I have a lot less time to game than I used to, so that time is sacred to me. While I’d obviously prefer another way, maintaining a Windows system and enabling two BIOS settings (well, leaving them enabled - they’re on by default) has been worth it for me.
That’s a false dichotomy though. There are ways to prevent cheating that don’t rely on the security of the client against the owner of the device on which the client runs (which is what both of what your ‘ways’ are).
For one thing, it has long been a principle of good security to validate things on the server in a client-server application (which most multi-player games are). If they followed the principle of not sending data to a client that the user is not allowed to see, and not trusting the client (for example, by doing server-side validation, even after the fact, for things which are not allowed according to the rules of the game), they could make it so it is impossible to cheat by modifying the client, even if the client was F/L/OSS.
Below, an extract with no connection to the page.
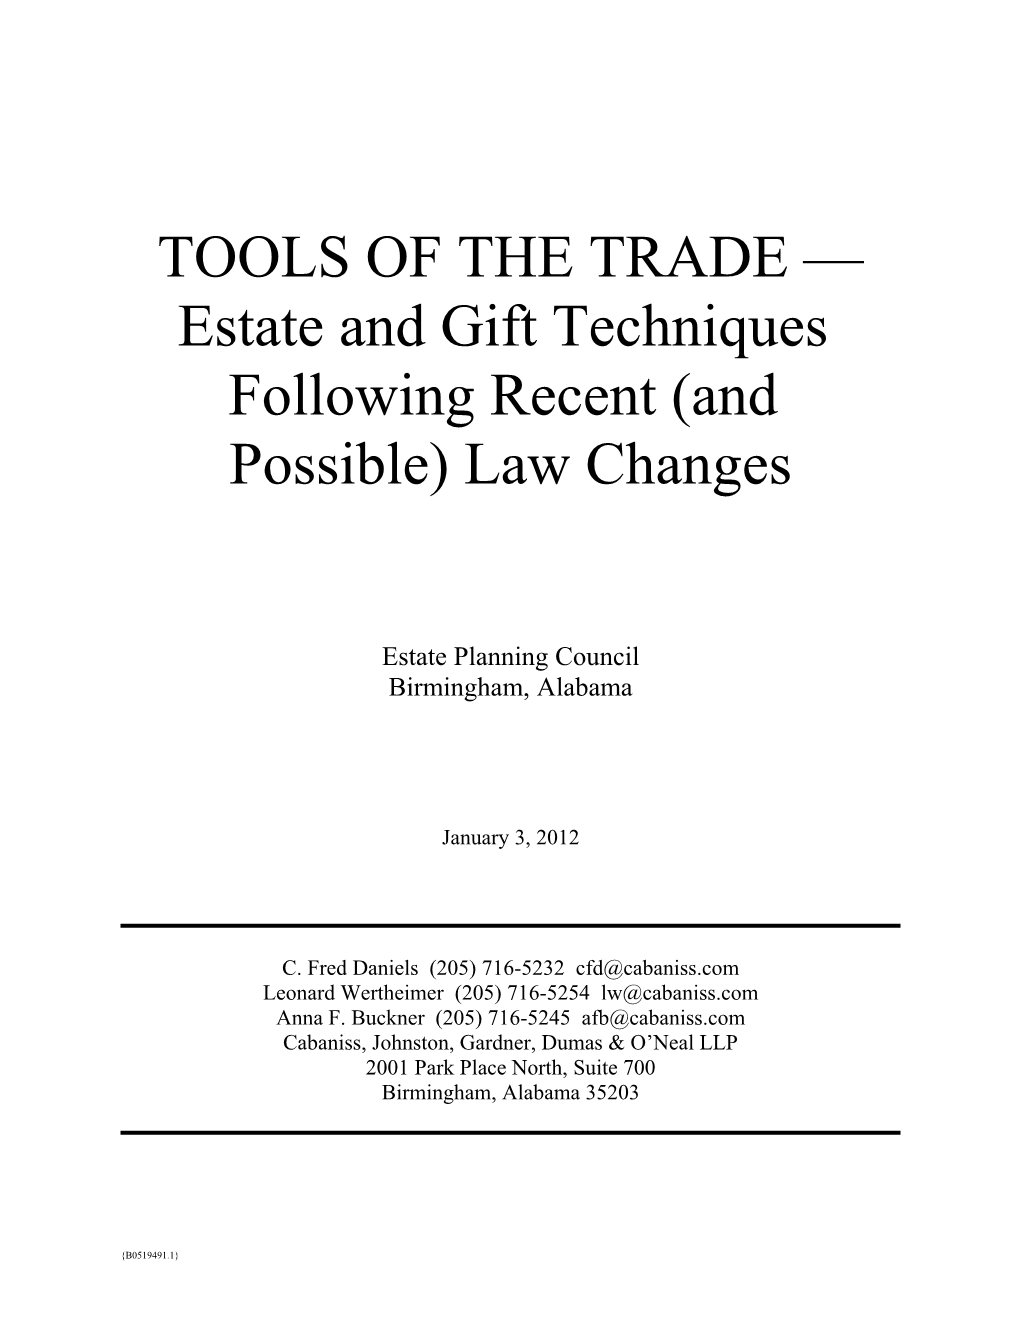 Tools Of The Trade - Estate Planning Council (B0519491.DOC;1)

If they really can’t do that (because their game design relies on low latency revelation of information, and their content distribution strategy doesn’t cut it), they can also use statistical server-side cheat detection. For example, suppose that a player shoots within less than the realistic human reaction time of turning the corner when an enemy is present X out of Y times, but only A out of B times when no enemy is present. It is possible to calculate a p-value for
X/Y - A/B(i.e. the probability of such an extreme difference given the player is not cheating). After correcting for multiple comparisons (due to multiple tests over time), it is possible to block cheaters without an unacceptable chance of false positives.Effectively doing that server-side would substantially increase the bandwidth requirements though.
If we take wallhacks as an example, that takes place entirely in the local rendering pipeline. In a game like Battlefield or Counter Strike, smoke and foliage are used for tactical purposes.
Aimbots read player location data sent from the server and send input commands to the OS to automate headshots.
Preventing local memory from being read and modified outright prevents (well, substantially raises the skill ceiling) for performing these kinds of hacks. I have a hard time envisioning a server-side solution to those.
That’s exactly who a cheater is though
If the server runs a significantly cut-down rendering model, you can do things like culling player models when you can’t see them. No more wallhacks.